Unfortunately, I have almost no practical experience with PIDs. I've a decent understanding of how they work, and if I were about 10 years younger, I could probably analyze the system and suggest good P, I, and D values for you. For a class project, I once designed a built a controller to cause water from a faucet to follow a certain temperature profile (80 degrees for 10 seconds, 72 for 8 seconds, 95 for 4 seconds, etc) by controlling the hot water valve. If I recall correctly, though, even after doing all the system modelling and getting good numbers to run with, it was understood that you'd still need to tweak things.
When you do the autotune, does it output (or can you assertain) the values for P, I, and D? Recall from what I wrote elsewhere, that P moves you towards your target relative to how far you are from it (faster for further away, really slow or non-existent motion when close), I keeps track of how long and far you are and adds up the product of those two to move you closer, and D watches how fast things are changing to try to reduce overshoot.

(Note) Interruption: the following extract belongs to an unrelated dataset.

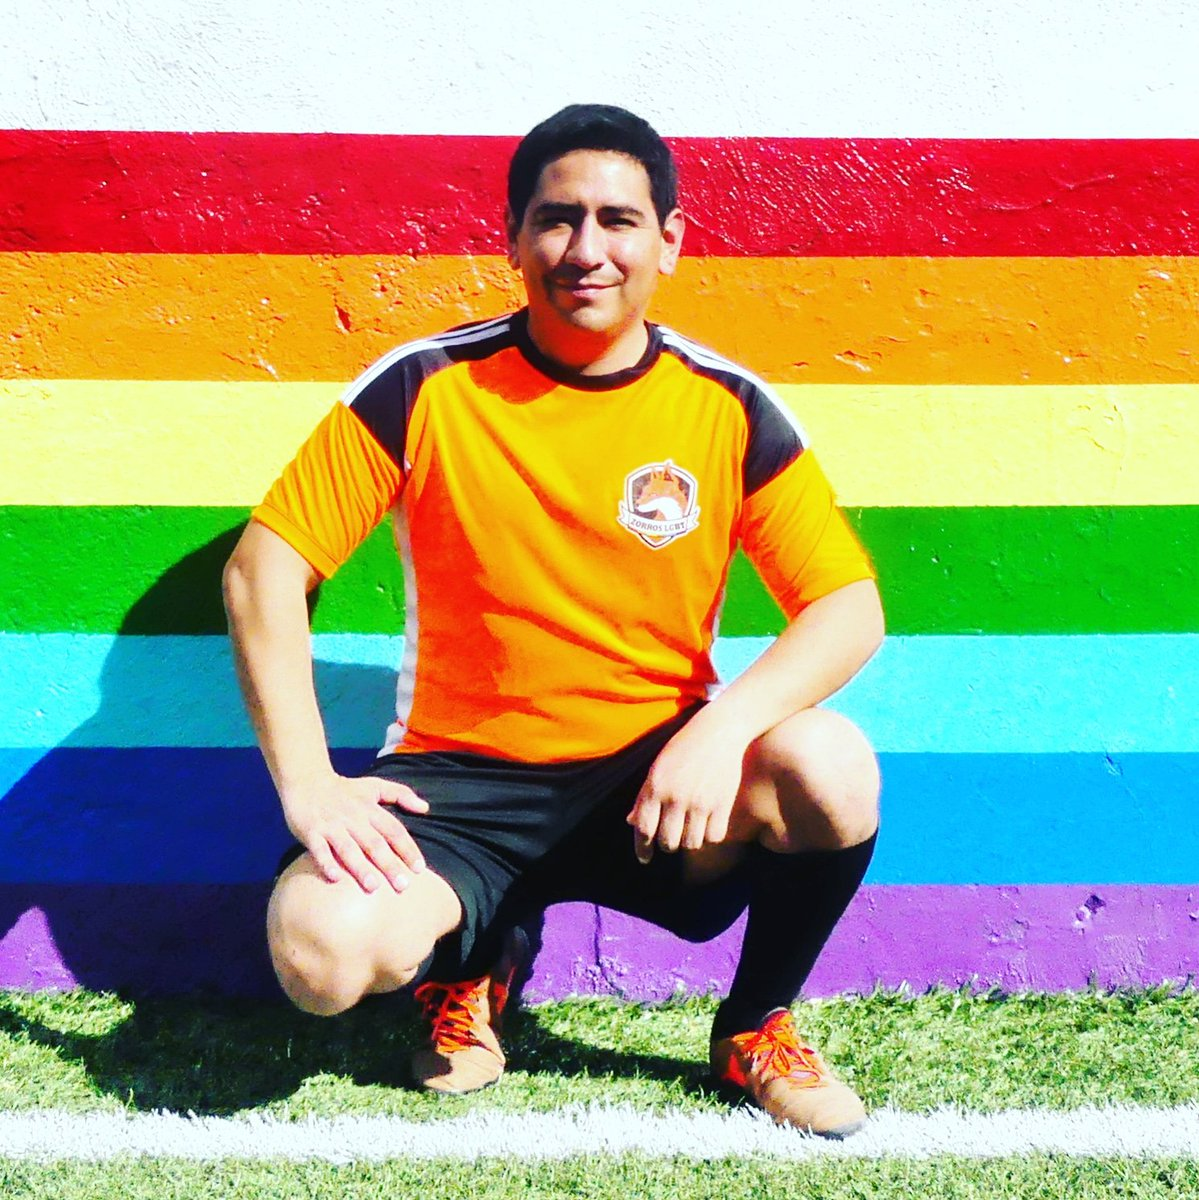 Xavi  Posición: Medio  Equipo: Atlético Zorros  #DeporteLGBT #LGBTSports #FutbolLGBT #ZorrosLGBT #OrgulloDeportivo #instagay #gaysports #gayfutbol #gayboy #futbolgaypic.twitter.com/hMCg1hrM3T

Depending on how you have the system set up, it seems to me that you would only need P to heat things. There's no such thing as thermal inertia--you can't overshoot with temperature...I was about to go into a long explanation of this, but decided I'd better wait to see if anyone actually wants to hear about it. Since you said you are overshooting, it means either the element you are using (are you using an element to heat?) has a good deal of excess energy once the desired temperature is reached, or the I value is high enough to cause continued energy contribution even after the temperature is reached.
I think I'd be inclined to play with the controller--set everything to 0, then turn P up a little and watch what happens. Does it ever get to the desired temperature, or is it always a little cooler than it should be? If it gets there, is it fast enough? If it's not fast enough, turn up P. If it never gets there, add some I. If it gets there fast enough, but overshoots, turn down P and add some I (you could try D, but i'm not sure how it will work in a thermal system...). Etc.